The Study: Using Wireless Transceivers to Detect Breathing
Because of efforts to patent the new use of the wireless breathing-detection technology which has been named BreathTaking Patwari is posting his study on the online scientific preprint website ArXiv this week before submitting it to a journal for formal publication.
Patwari conducted the study with Wilson; Sai Ananthanarayanan, a postdoctoral electrical engineer; Sneha Kasera, an associate professor of computer science; and Dwayne Westenskow, a professor of anesthesiology and research professor of bioengineering. The research was funded by the National Science Foundation.
In a new study, Patwari showed a network of 20 wireless transceivers placed around a hospital bed could reliably detect breathing and estimate breathing rate to within two-fifths of a breath per minute based on 30 seconds of data.
This is different than using wireless transmitters to relay measurements from conventional breathing monitors. The motion of the chest and abdomen during breathing impedes the wireless radio signals crisscrossing a bedridden patient, who in the study was Patwari himself. Each of the 20 transceivers or "nodes" can transmit and receive to the other 19, meaning there can be up to 380 measurements (20 times 19) of radio signal strength within a short period of time (the transceivers transmit one after the other).

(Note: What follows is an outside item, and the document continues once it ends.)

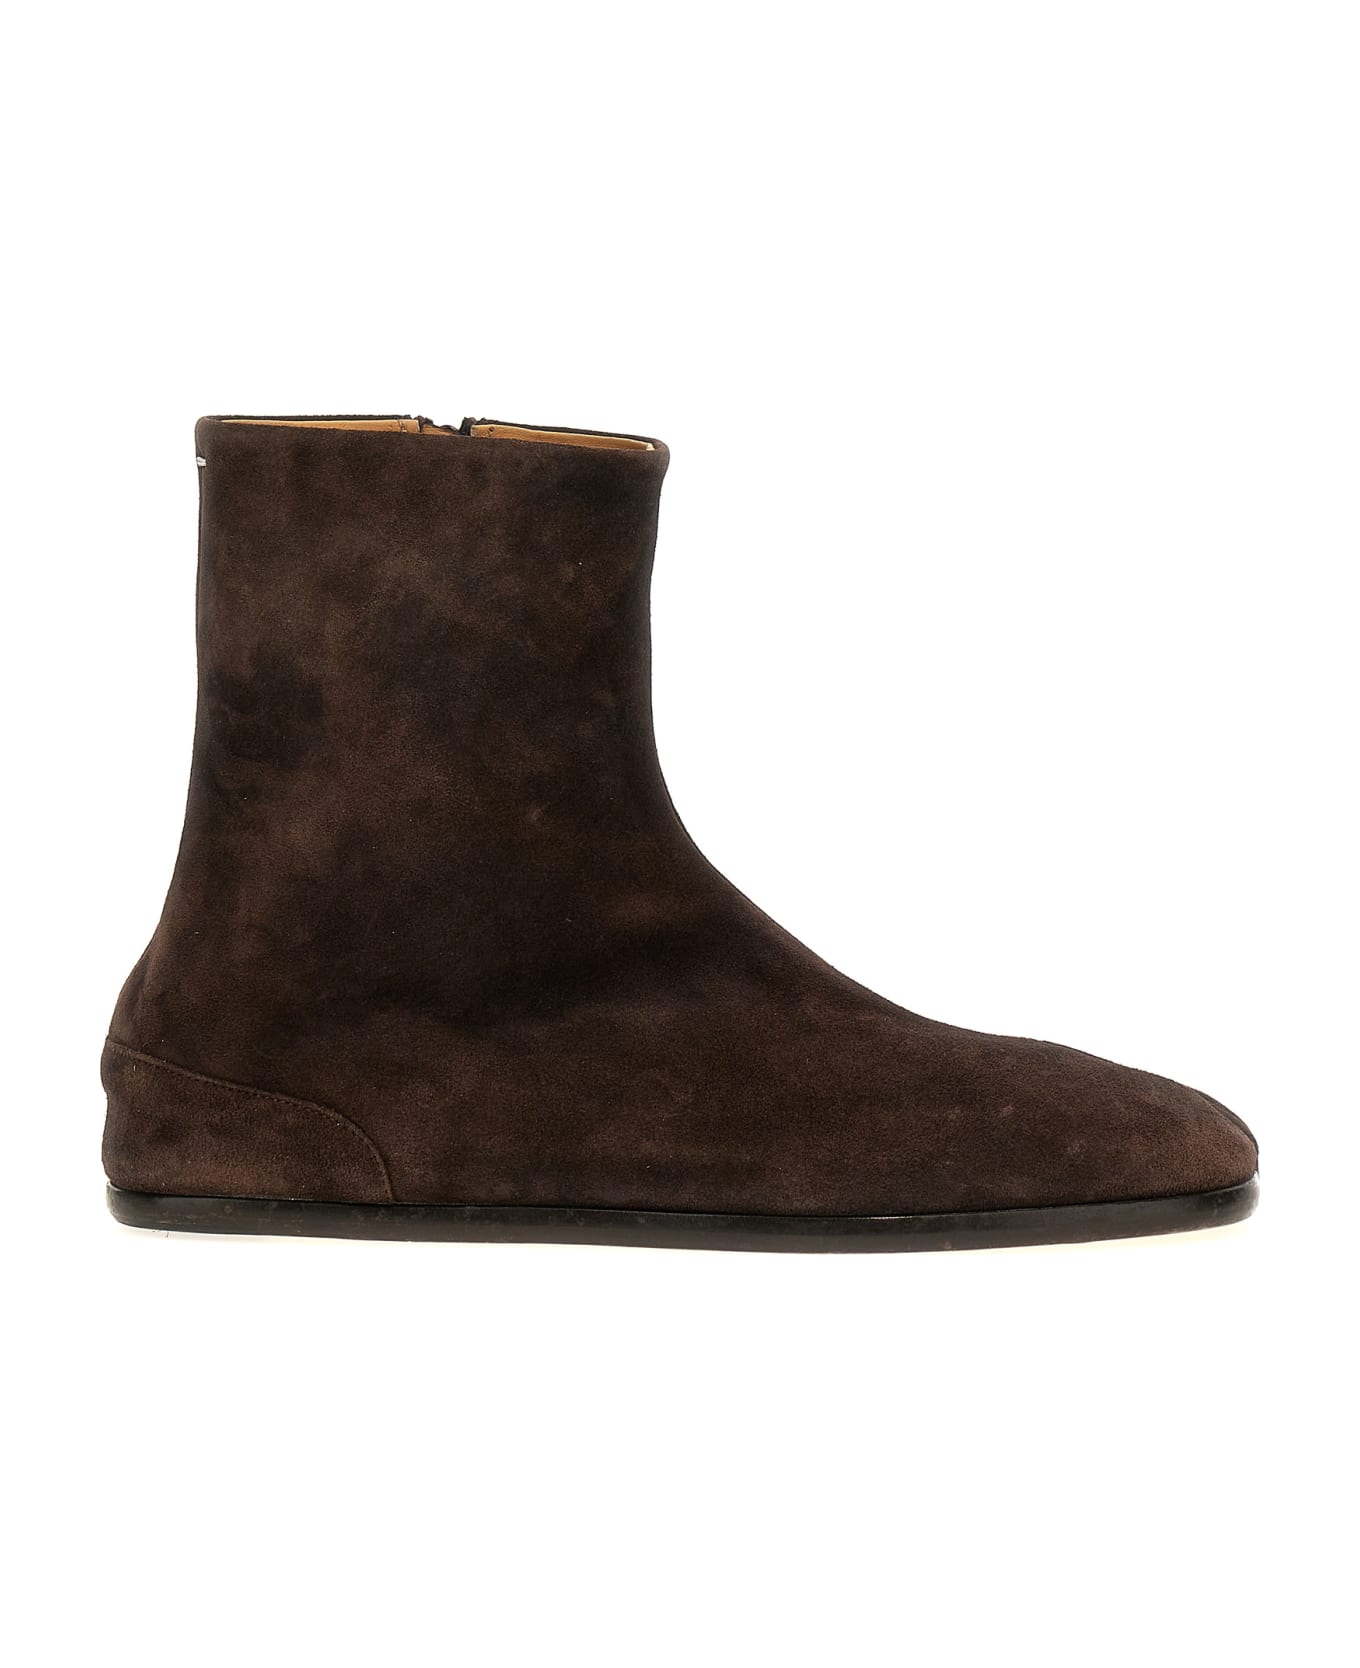 Maison Margiela Tabi Ankle Boots - Brown ブーツ

The study was conducted in a clinical room used for research at the University of Utah School of Medicine's Department of Anesthesiology. Patwari reclined on a hospital bed and listened to a metronome to time his breathing so he inhaled and exhaled 15 times per minute about the average breathing rate for a resting adult.

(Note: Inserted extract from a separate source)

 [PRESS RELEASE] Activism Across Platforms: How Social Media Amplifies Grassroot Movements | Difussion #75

His breathing was measured two ways: by the experimental wireless network, and by a carbon dioxide monitor connected to his nostrils by tubes. It calculated breathing rate by measuring the amount of carbon dioxide exhaled with each breath. Patwari also tested the wireless network with no one in the hospital bed.
The study found the wireless network could measure breathing within 0.4 to 0.2 breaths per minute, an insignificant error rate given that most breathing monitors round to the nearest breath per minute, he says. If a bedridden person or baby moves, the wireless system detects the movement but cannot measure their breathing at the same time.
To decide if someone is breathing or not, the wireless system uses a computer algorithm basically, a set of formulas. Patwari says his algorithm squares the amplitude or loudness of the signal on each link between nodes, then averages it over all 380 links. A number larger than 1.5 indicates breathing has been detected.
Patwari also measured how many nodes were required to measure breathing accurately. The minimum was 13 nodes or transceivers, while the rate of incorrect breathing measurements fell to zero when 19 nodes were used. The study also showed the height of the nodes around the hospital bed didn't significantly affect breathing measurements.
Patwari plans more research on whether different or multiple radio frequencies might detect breathing better than the one 2.4 gigahertz frequency used in the study.
He also wants to test whether the system can detect two people breathing at the same rate but not in sync something that might make it possible to design a system that could detect not only the location of hostages in a building, but the number held together.